Representative Tim Burchett said that the initiative was meant to support investment in underserved parts of the U.S. in both rural and urban areas.

KNOXVILLE, Tenn. — Representative Tim Burchett is working on new bills meant to increase access to capital, improve government efficiency and reform the criminal justice systems, according to a talk he gave in South Knoxville on Wednesday.

The bills are part of his new economic policy initiative, which he called a "moonshot." It is meant to help revitalize underserved areas in rural and urban parts of the U.S., as the nation recovers from the COVID-19 pandemic.

"I’ve always been someone who wants to get government out of the way of job creators and folks who are trying to help grow our economy," he said, according to a release from officials. " But I also know there are tools the government can use to spur economic growth. Today, I’m officially announcing my new economic policy initiative— a so-called 'moonshot.'"

Burchett said that he is working with Representative Hakeem Jeffries, from New York, to introduce the Prison to Proprietorship for the Formerly Incarcerated Act, one part of his initiative.

He said it would give non-violent prisoners business counseling and is meant to give people who were convicted a second chance to find success. It passed the House during the last Congress, and Burchett said they plan to reintroduce it soon.

"The bottom line is: if we don’t give the folks in our jails opportunities to develop marketable skills and learn about business, we’re virtually guaranteeing that our prison system continues to be nothing more than a revolving door," he said.

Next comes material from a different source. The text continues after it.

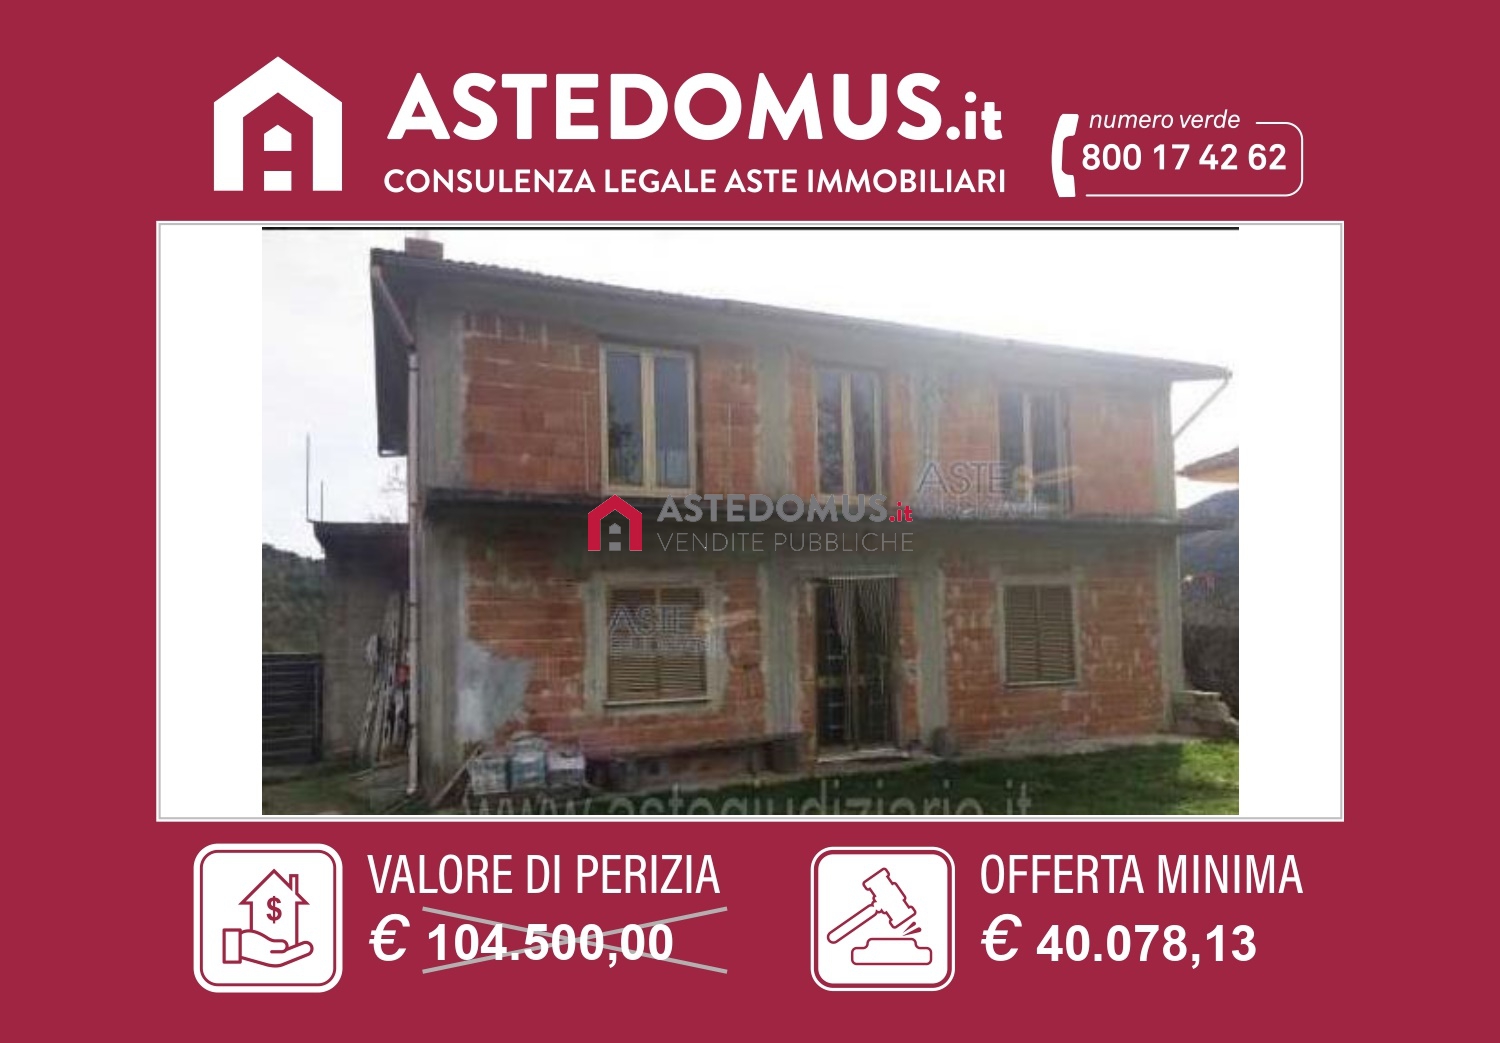 Appartamento classe A1 a Caselle in Pittari

He also introduced a bill meant to ensure that rural small businesses can access a micro-loan program through the Small Business Administration. It would give financial institutions, like banks, incentives to work with rural small businesses and require the SBA to update Congress on rural businesses receiving micro-loans.

It is meant to ensure that business-owners have easier access to capital and resources, regardless of their background or location.

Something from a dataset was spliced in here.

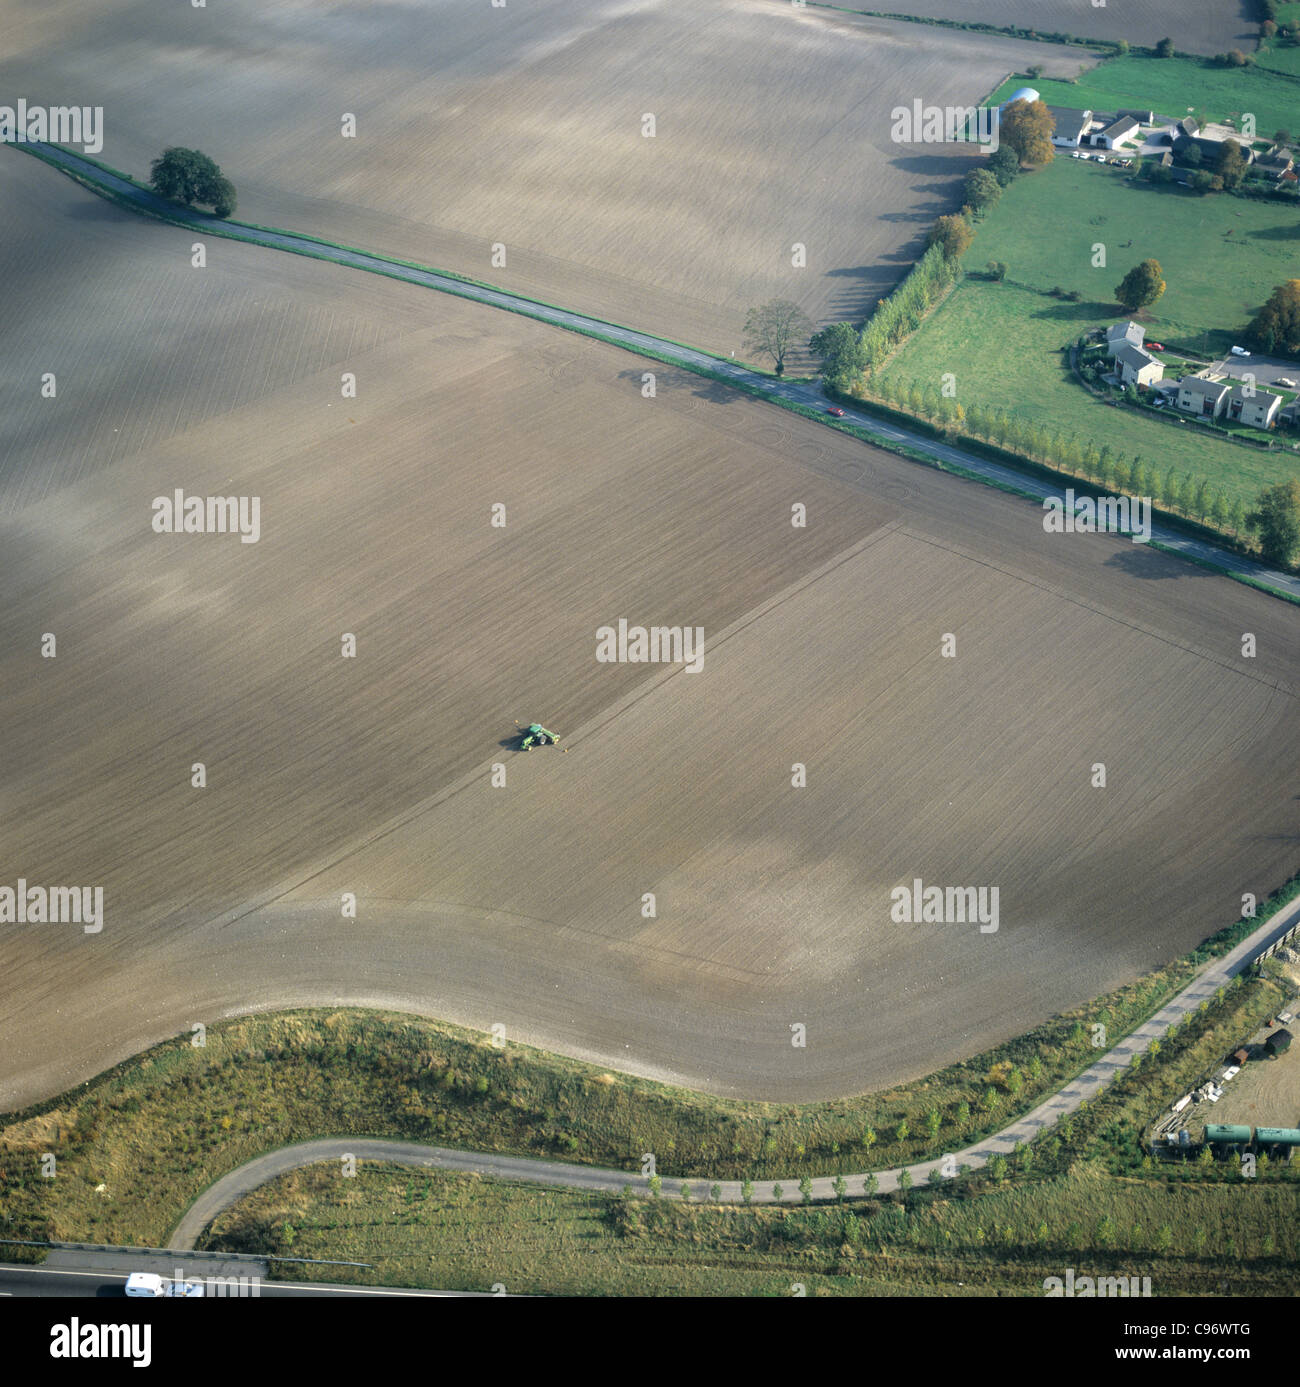 Fotografía aérea de otoño de tierras en barbecho y la siembra de semillero, Oxfordshire, Octubre Foto de stock

The bill is called the Microloan Transparency and Accountability Act and was expected to pass the House earlier in March but the vote was postponed twice, according to a release from officials.

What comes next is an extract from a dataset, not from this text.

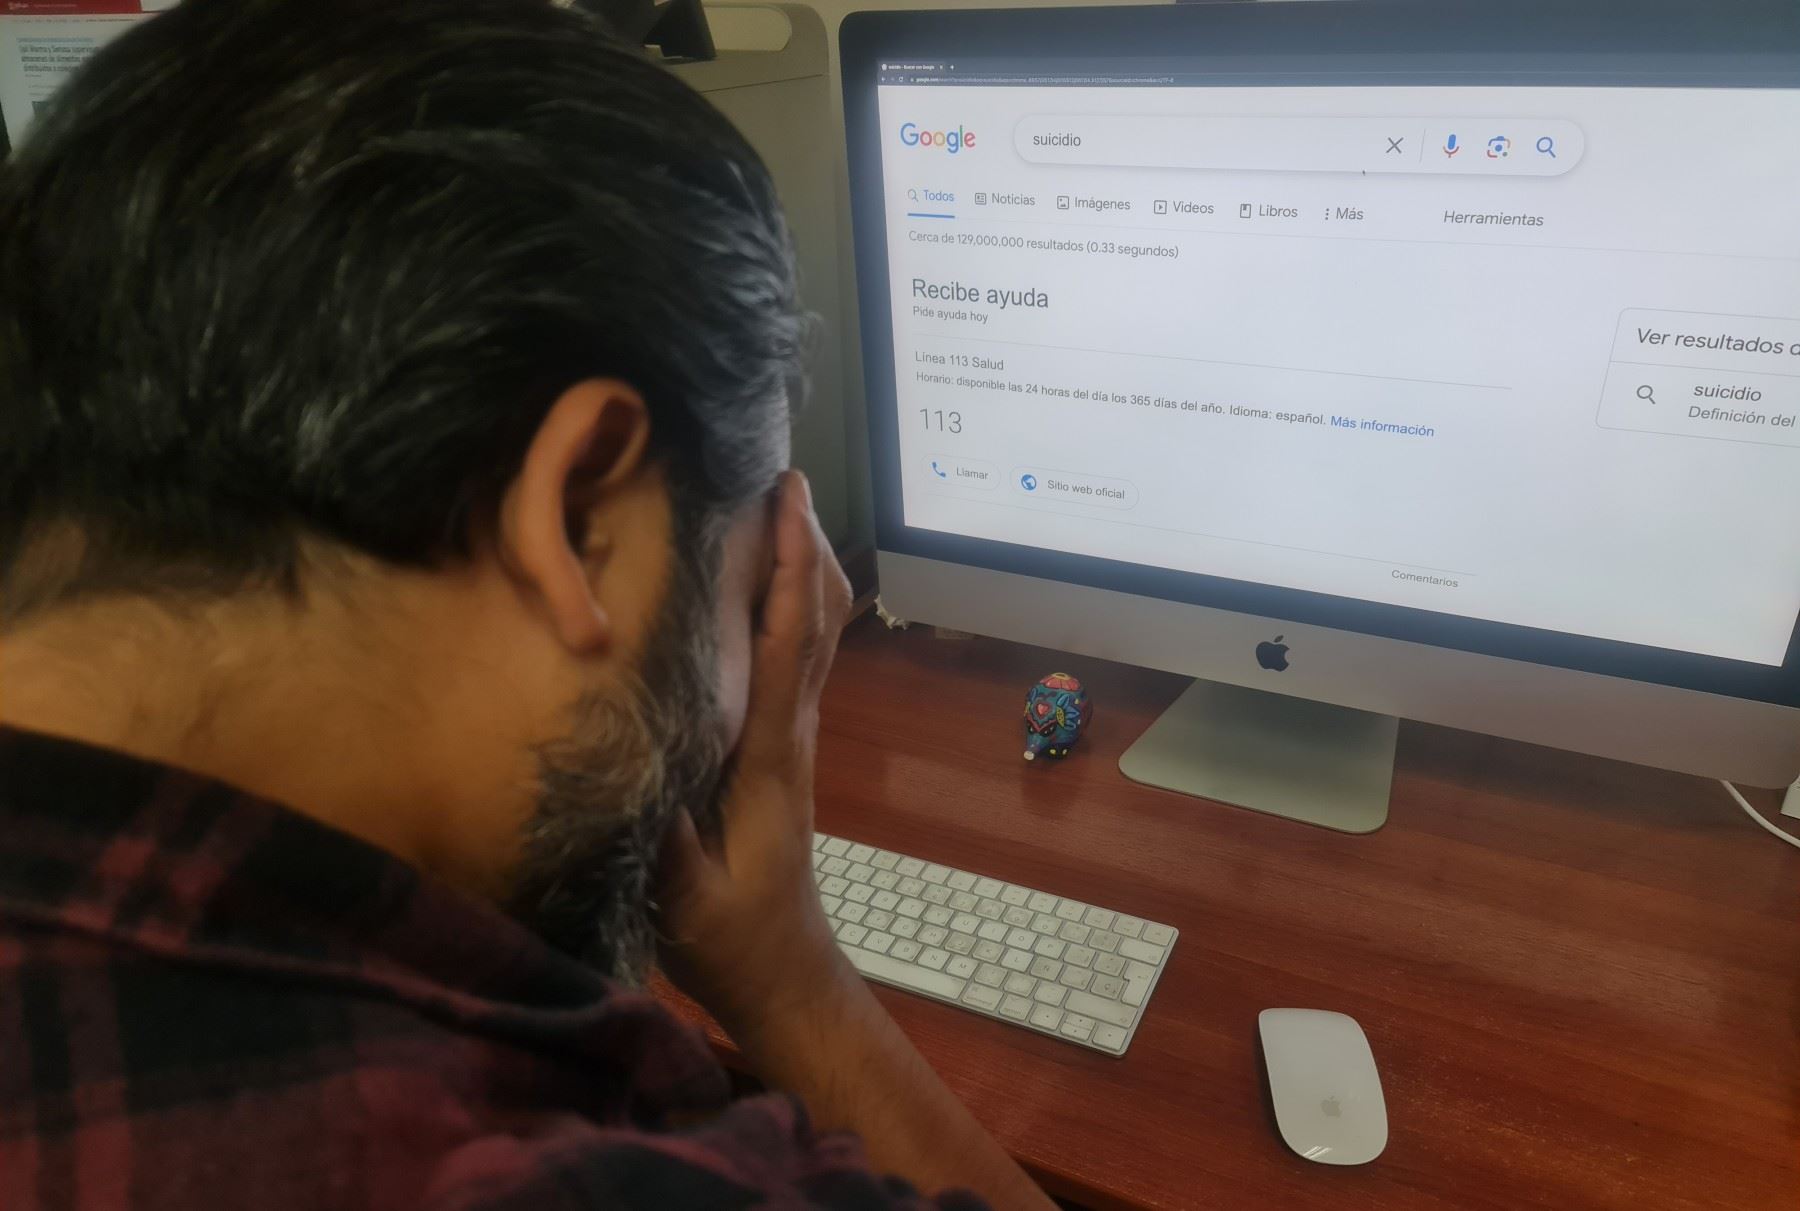 Los usuarios peruanos que consulten el buscador de Google sobre temas que evidencien vulnerabilidad en su salud mental recibirán una notificación para recibir ayuda. Foto: ANDINA

Burchett also spoke about the Opportunity Zone Extension Act, which he said he introduced with Representative Henry Cuellar. It would extend tax incentives in opportunity zones by two years — to 2028.

These are zones that are identified as being low-income and investors can receive tax benefits for working on projects in them. Tennessee has 176 opportunity zones, with 68% in urban communities and 32% in rural areas, Burchett said.

"I believe that an extension would help stimulate post-pandemic growth in challenging areas across Tennessee and the country," Burchett said.

He was speaking at the old Kern's Bakery, an opportunity zone in South Knoxville.